ASSIGNMENT:
Aim for an exact copy of the listing, without any images.

DATA SECTION:
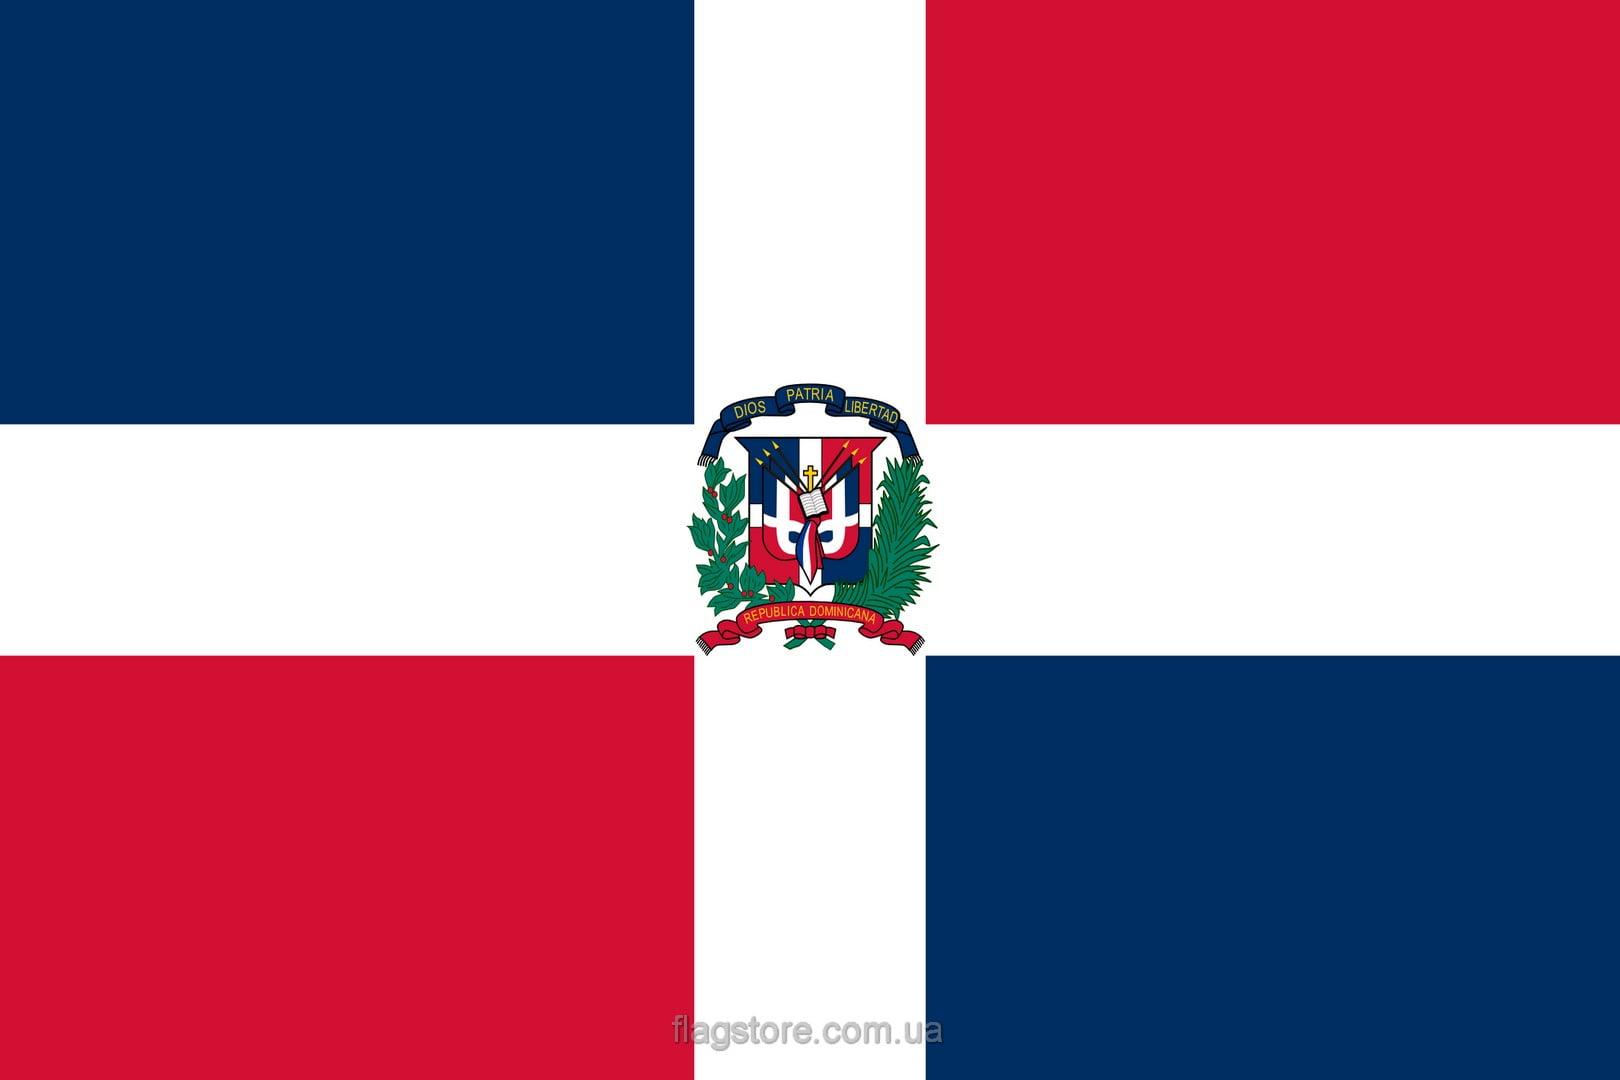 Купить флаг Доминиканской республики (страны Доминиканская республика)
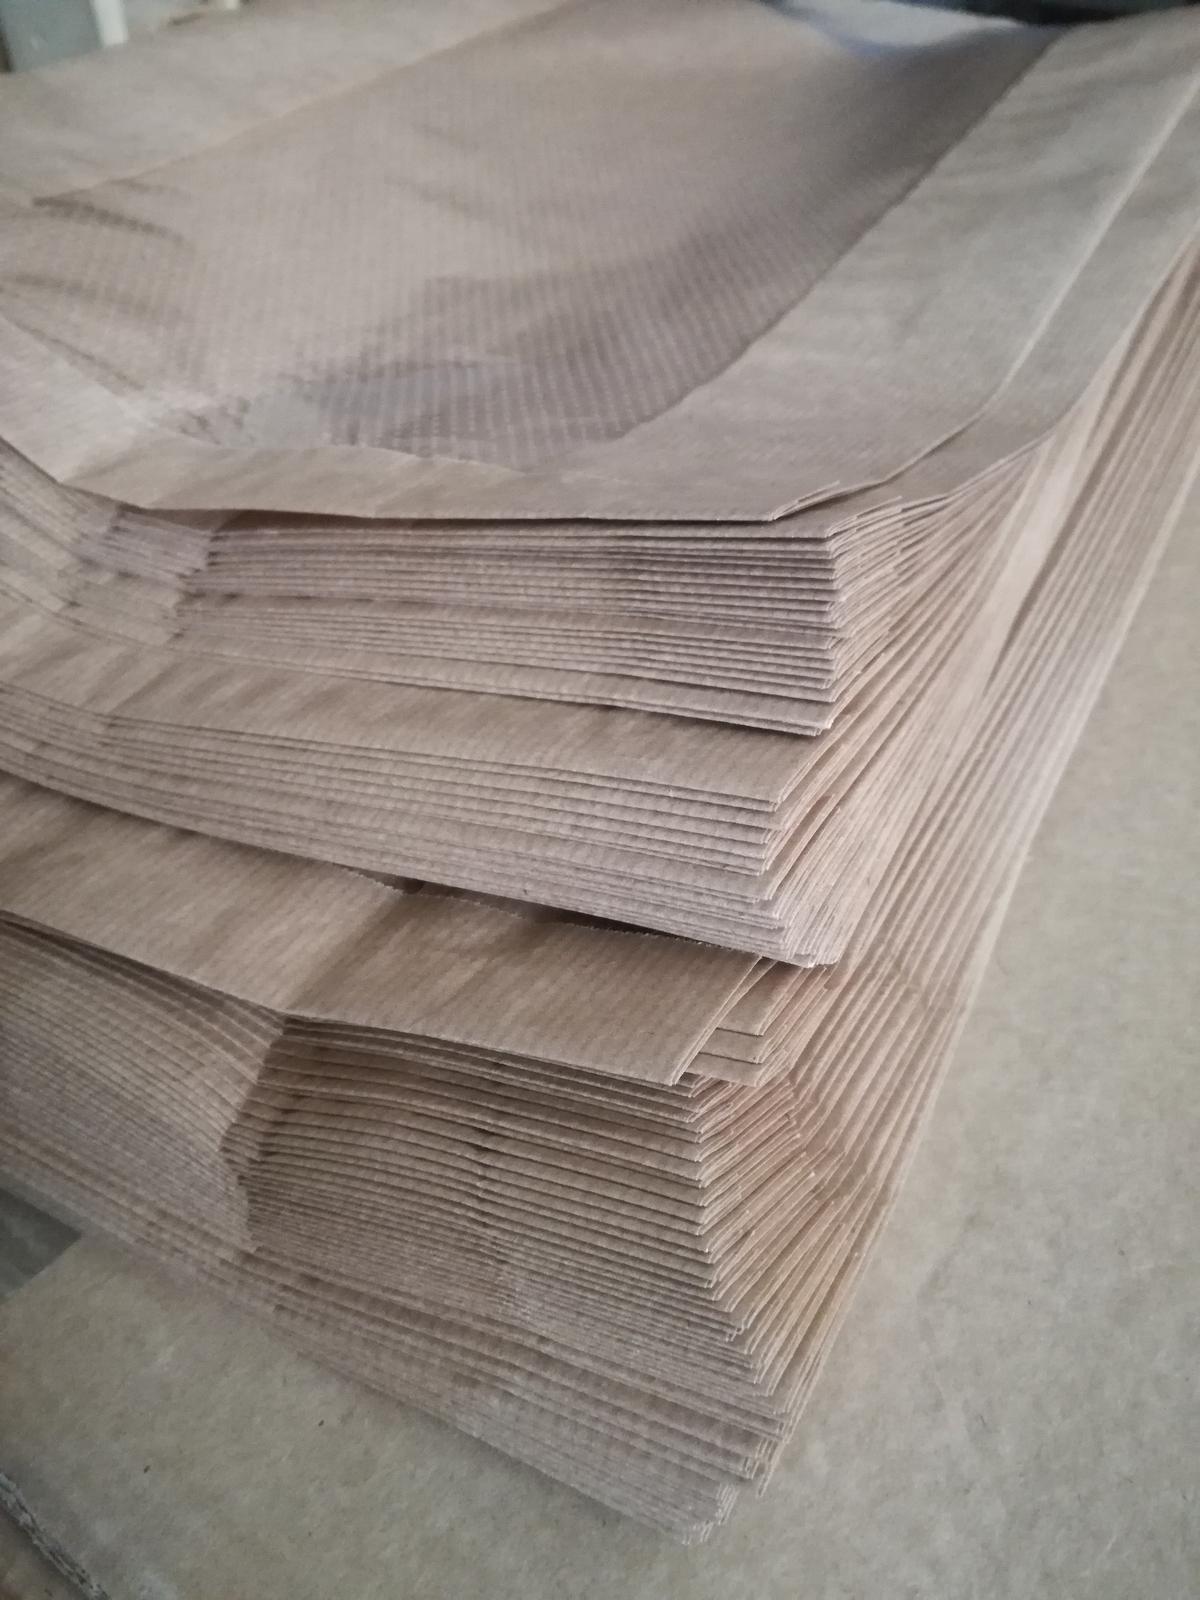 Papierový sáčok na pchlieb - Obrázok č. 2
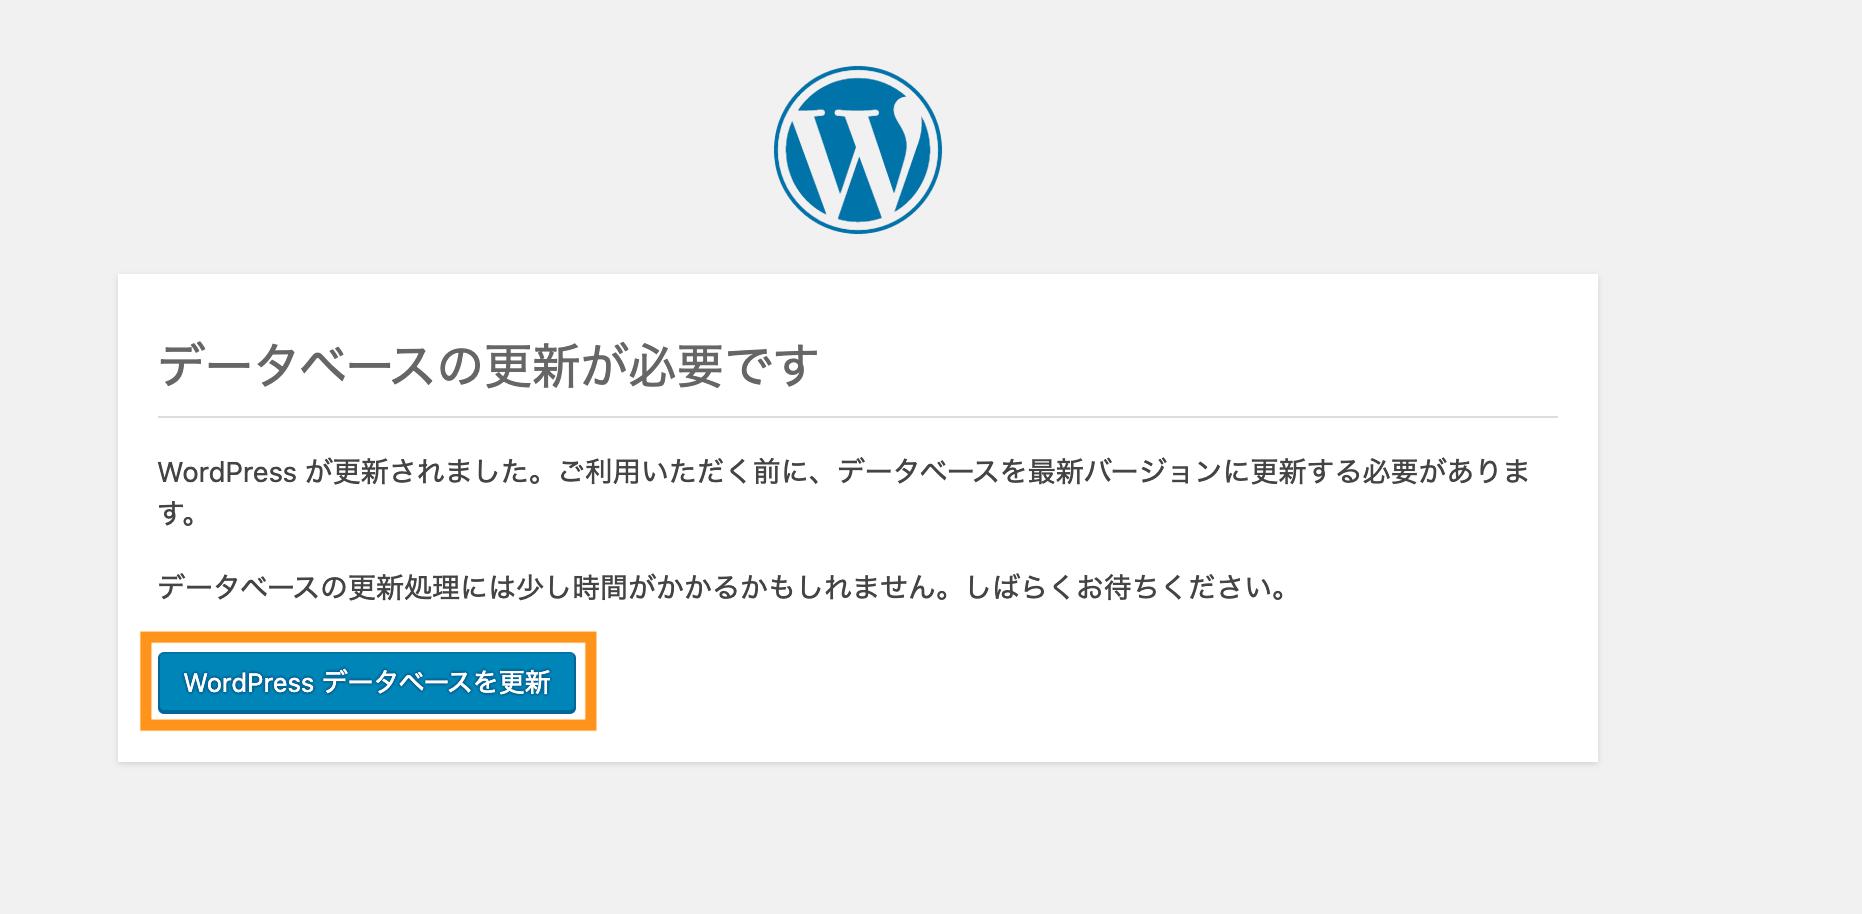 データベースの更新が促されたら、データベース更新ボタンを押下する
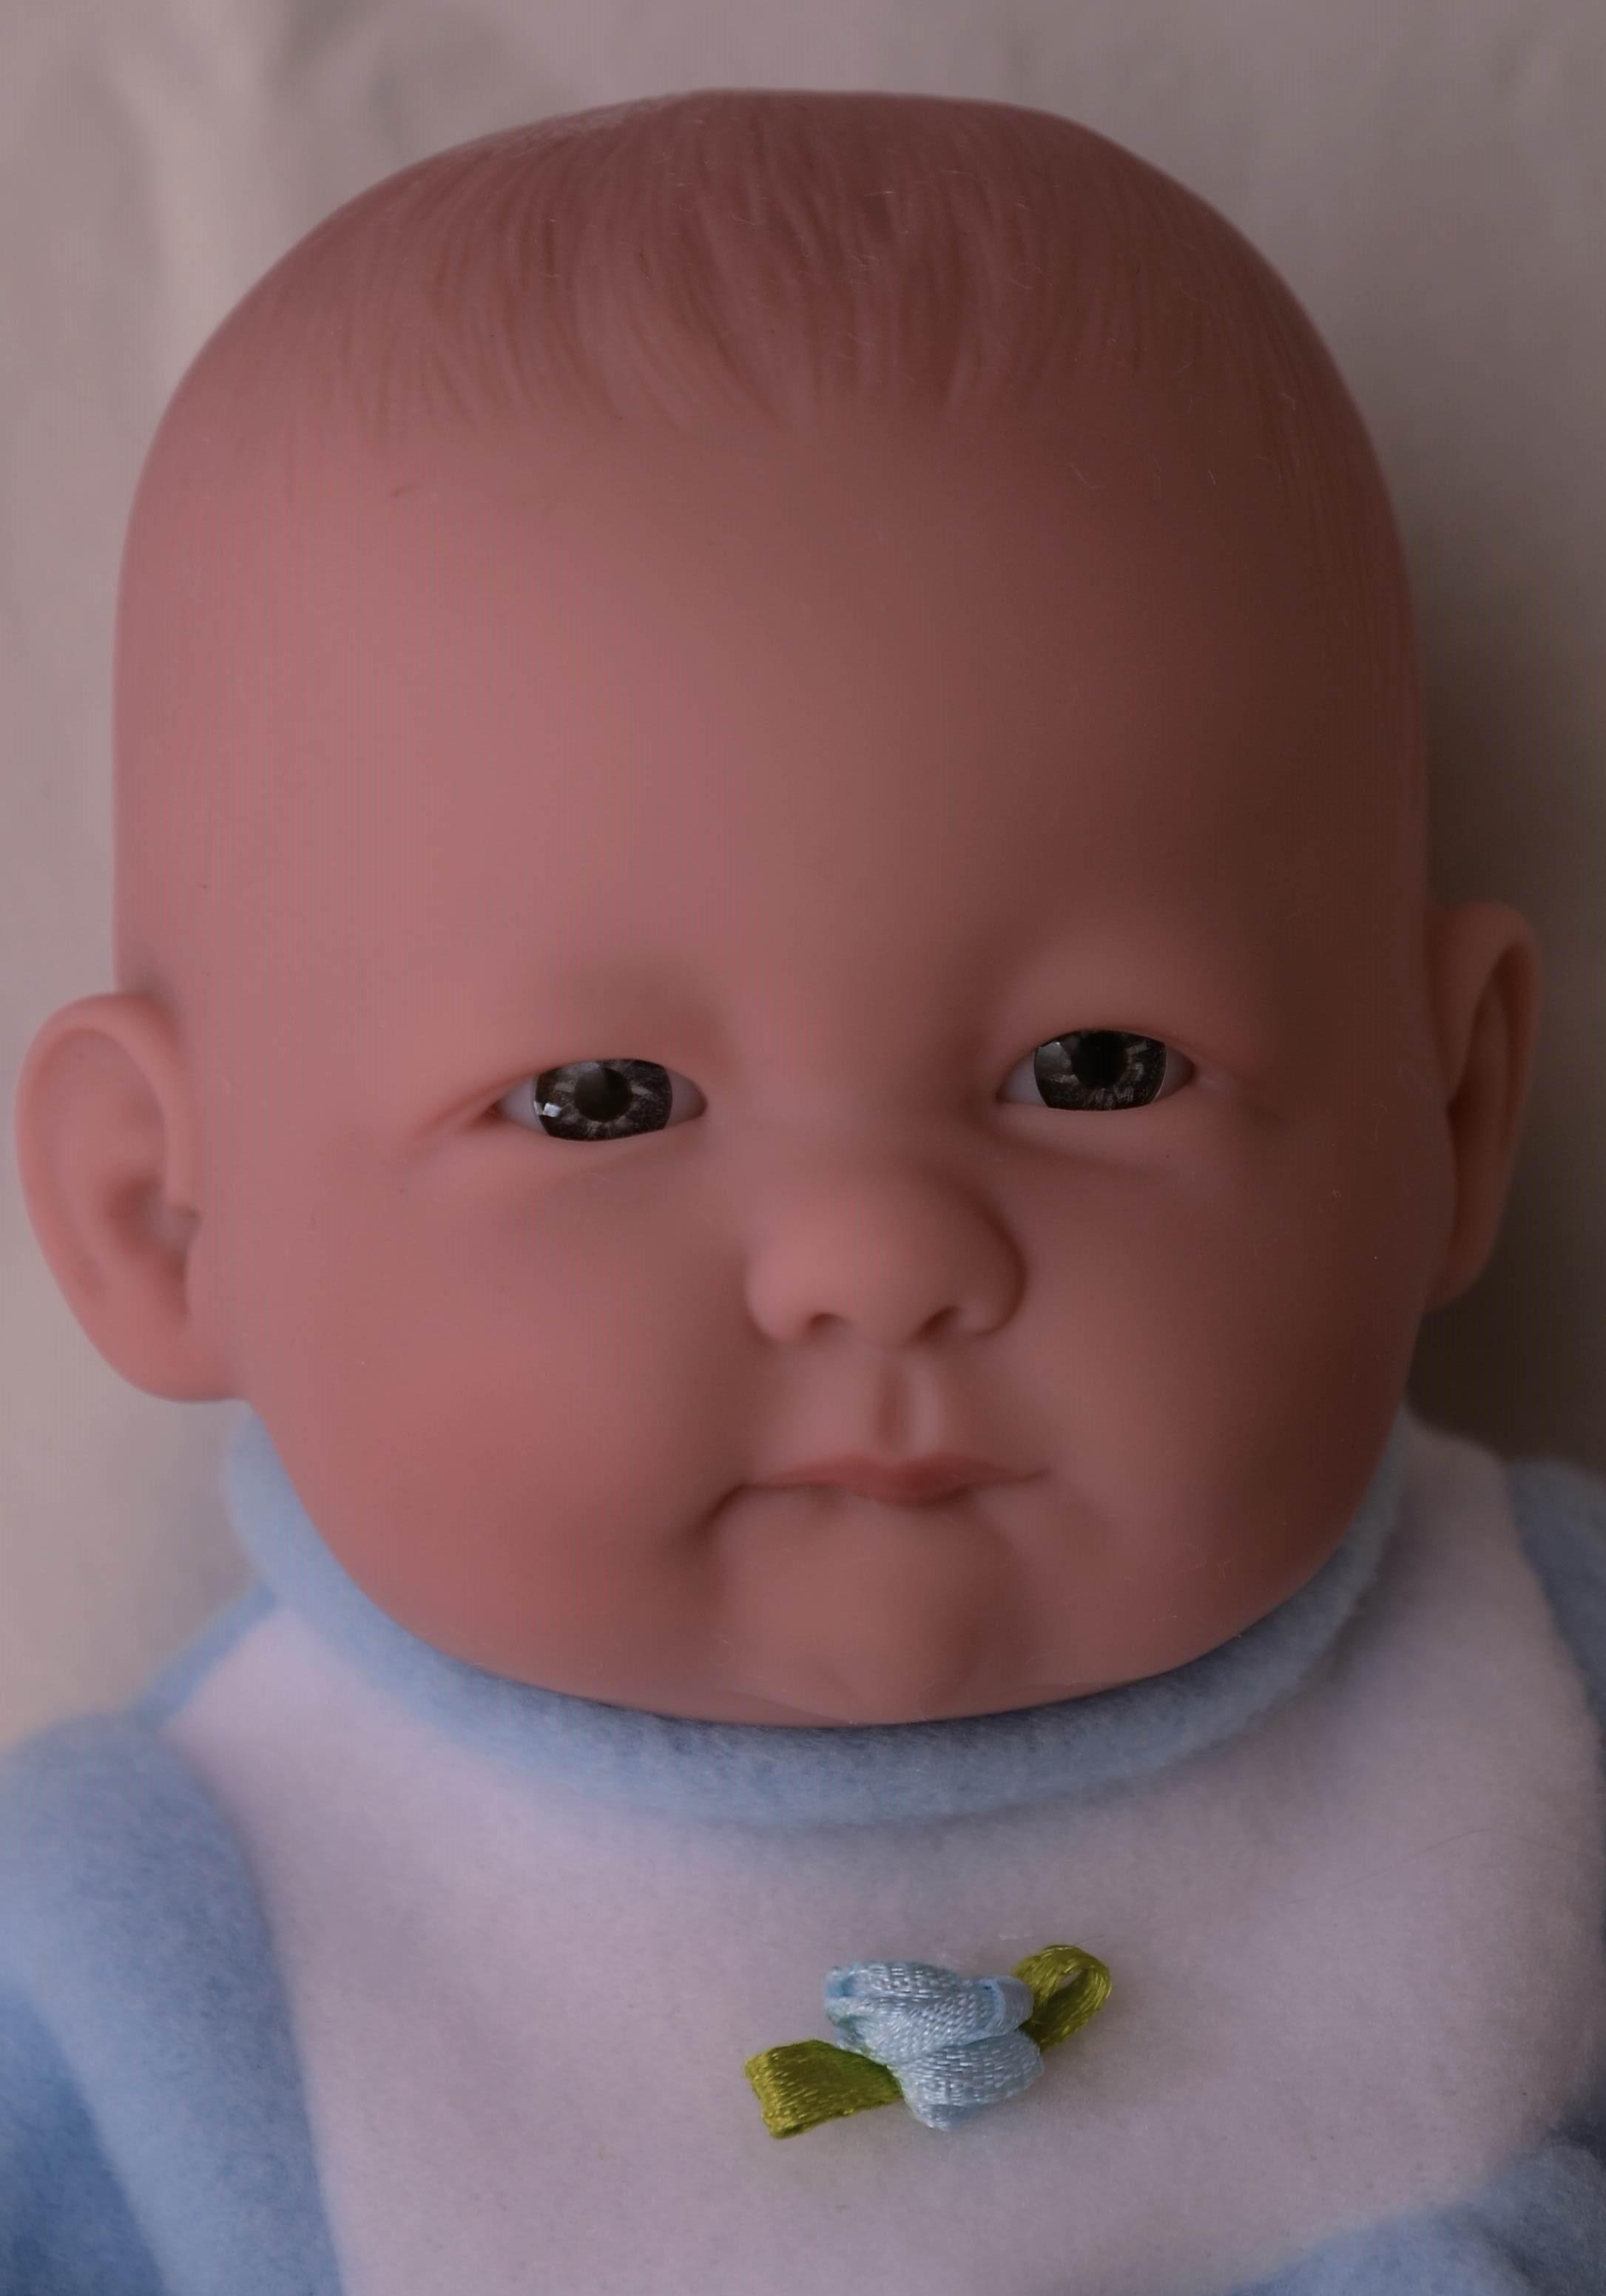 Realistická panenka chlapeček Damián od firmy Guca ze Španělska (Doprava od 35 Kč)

TASK SOLUTION:
 Купить флаг Доминиканской республики (страны Доминиканская республика)
 Papierový sáčok na pchlieb - Obrázok č. 2
 データベースの更新が促されたら、データベース更新ボタンを押下する
 Realistická panenka chlapeček Damián od firmy Guca ze Španělska (Doprava od 35 Kč)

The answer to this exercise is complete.